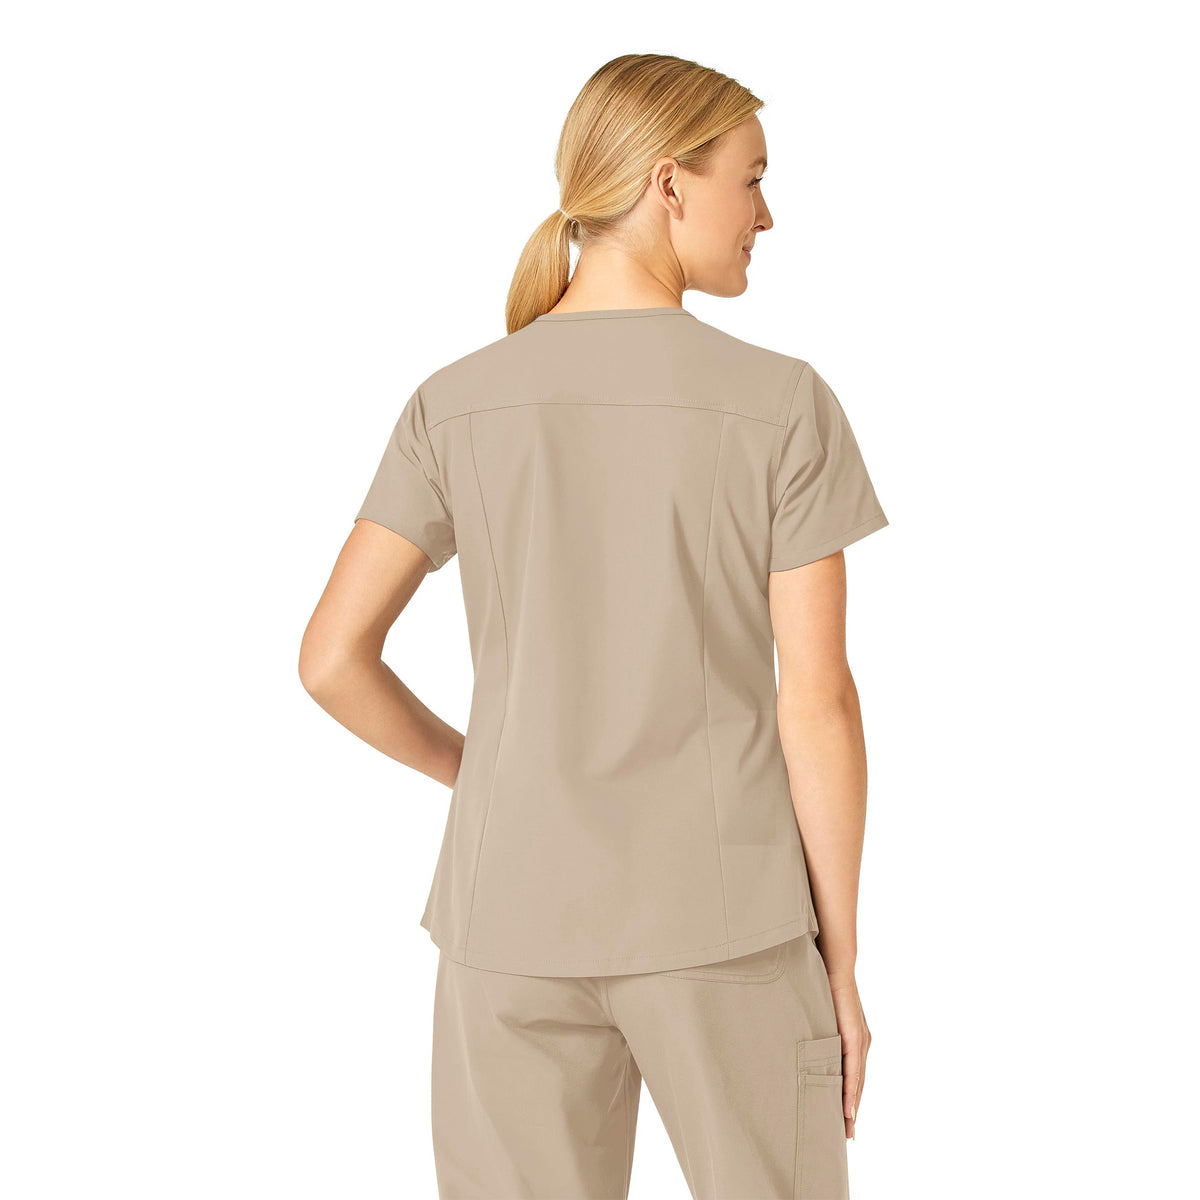 Force Essentials Women's V-Neck Scrub Top Khaki back view
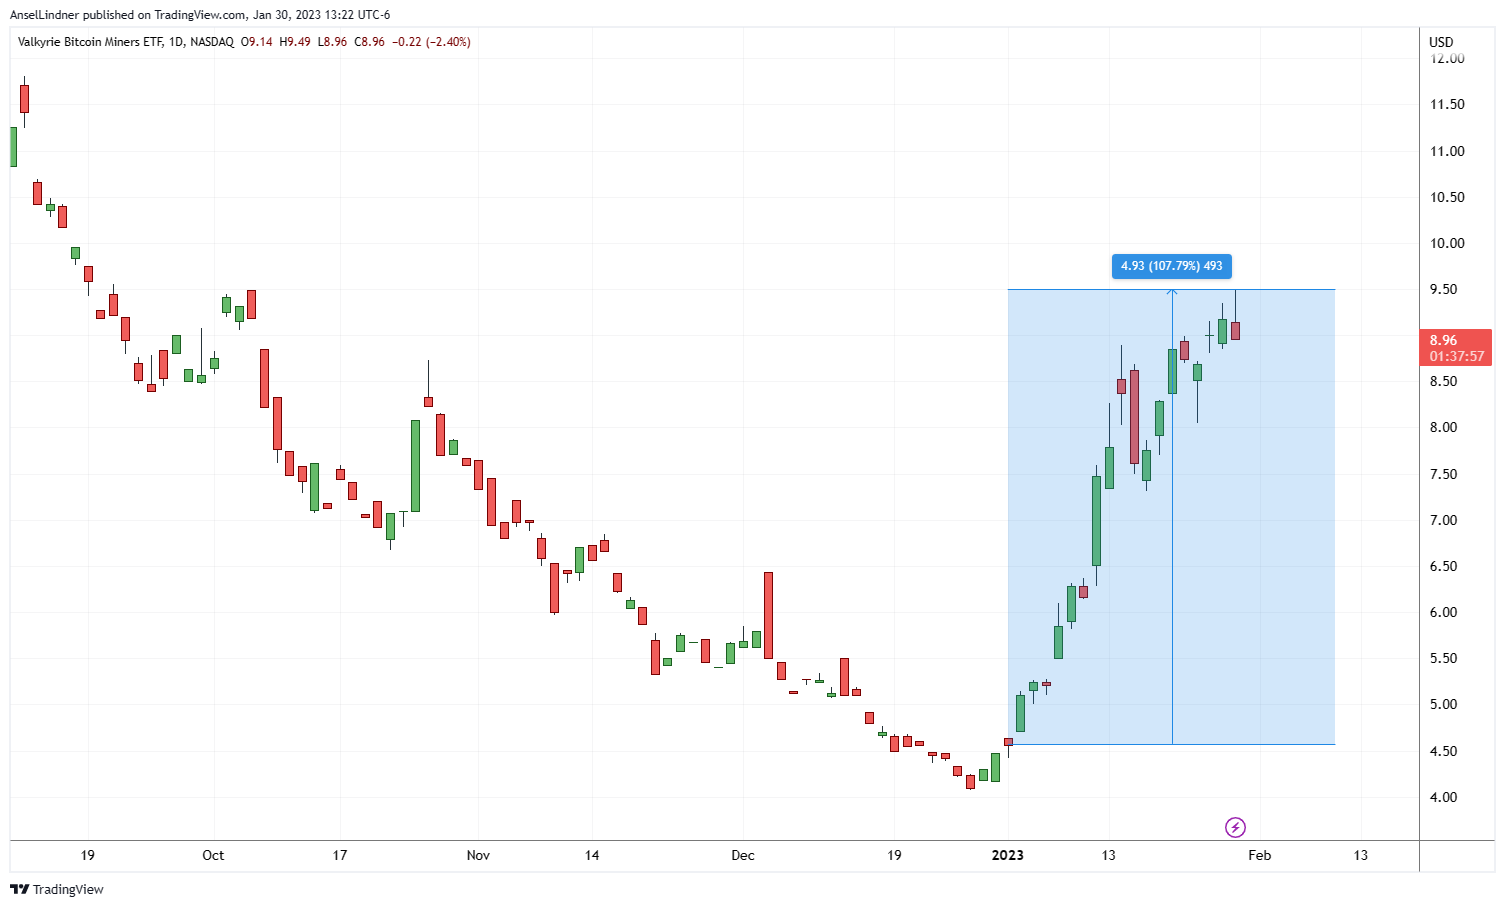 WGMI Bitcoin miner ETF chart, up 107%
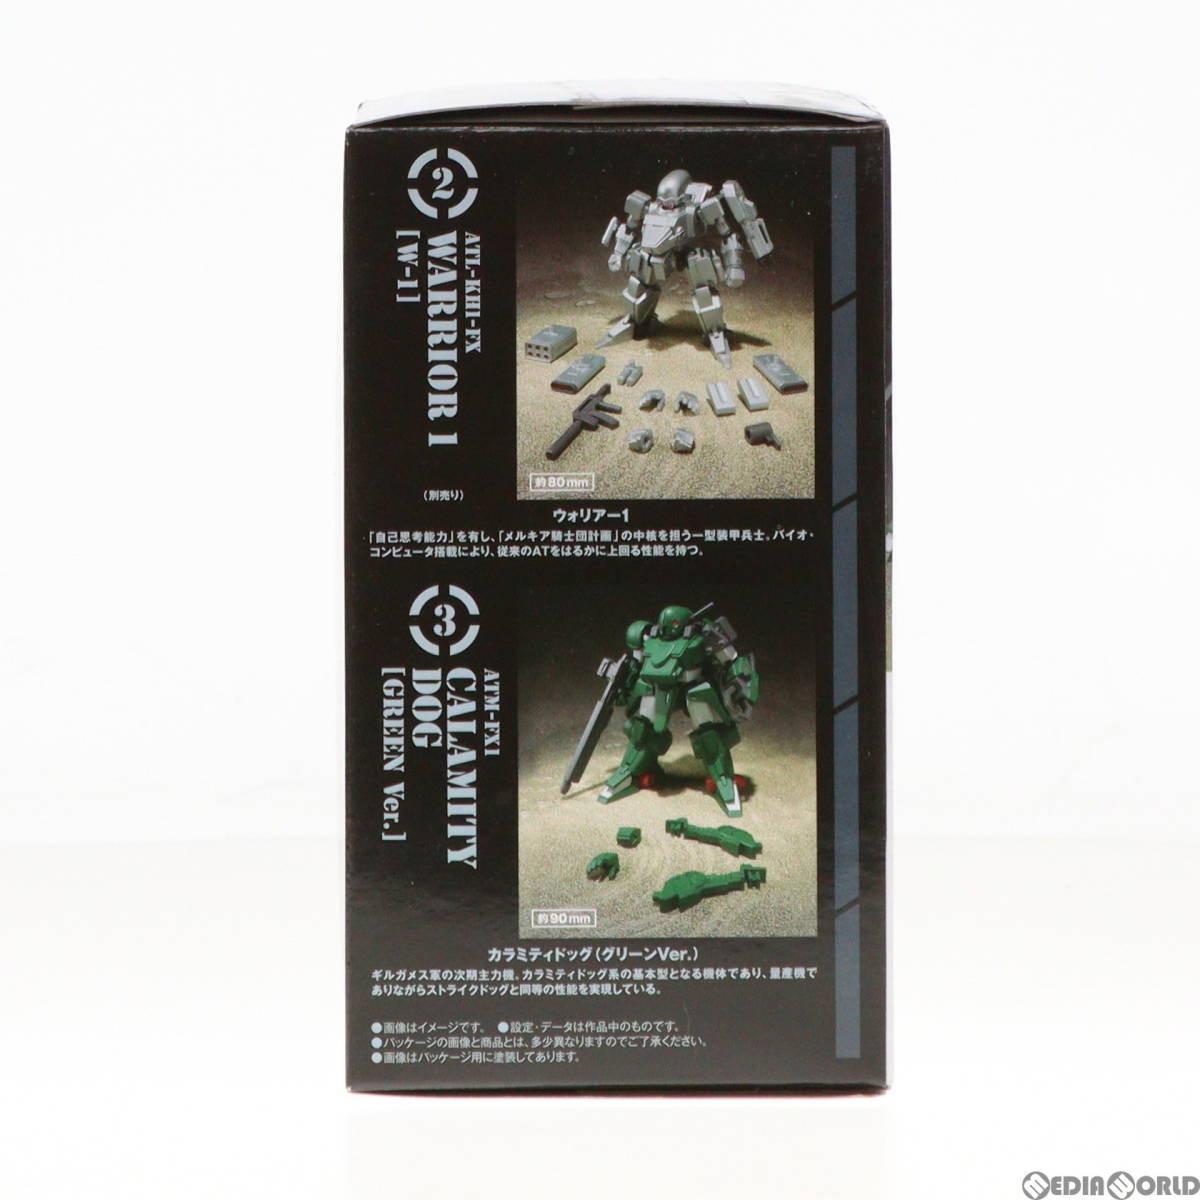 [ used ][PTM]( single goods )( Shokugan )1/48 super Mini pra blue. knight bell zeruga monogatari Vol.3kalamiti dog ( green Ver.) Armored Trooper Votoms pra

________

Verbatim output, no pictures: the line holding "WGMI Bitcoin miner ETF chart, up 107%" and all lines after it through the last line of the material, with nothing else.

 WGMI Bitcoin miner ETF chart, up 107%
 [ used ][PTM]( single goods )( Shokugan )1/48 super Mini pra blue. knight bell zeruga monogatari Vol.3kalamiti dog ( green Ver.) Armored Trooper Votoms pra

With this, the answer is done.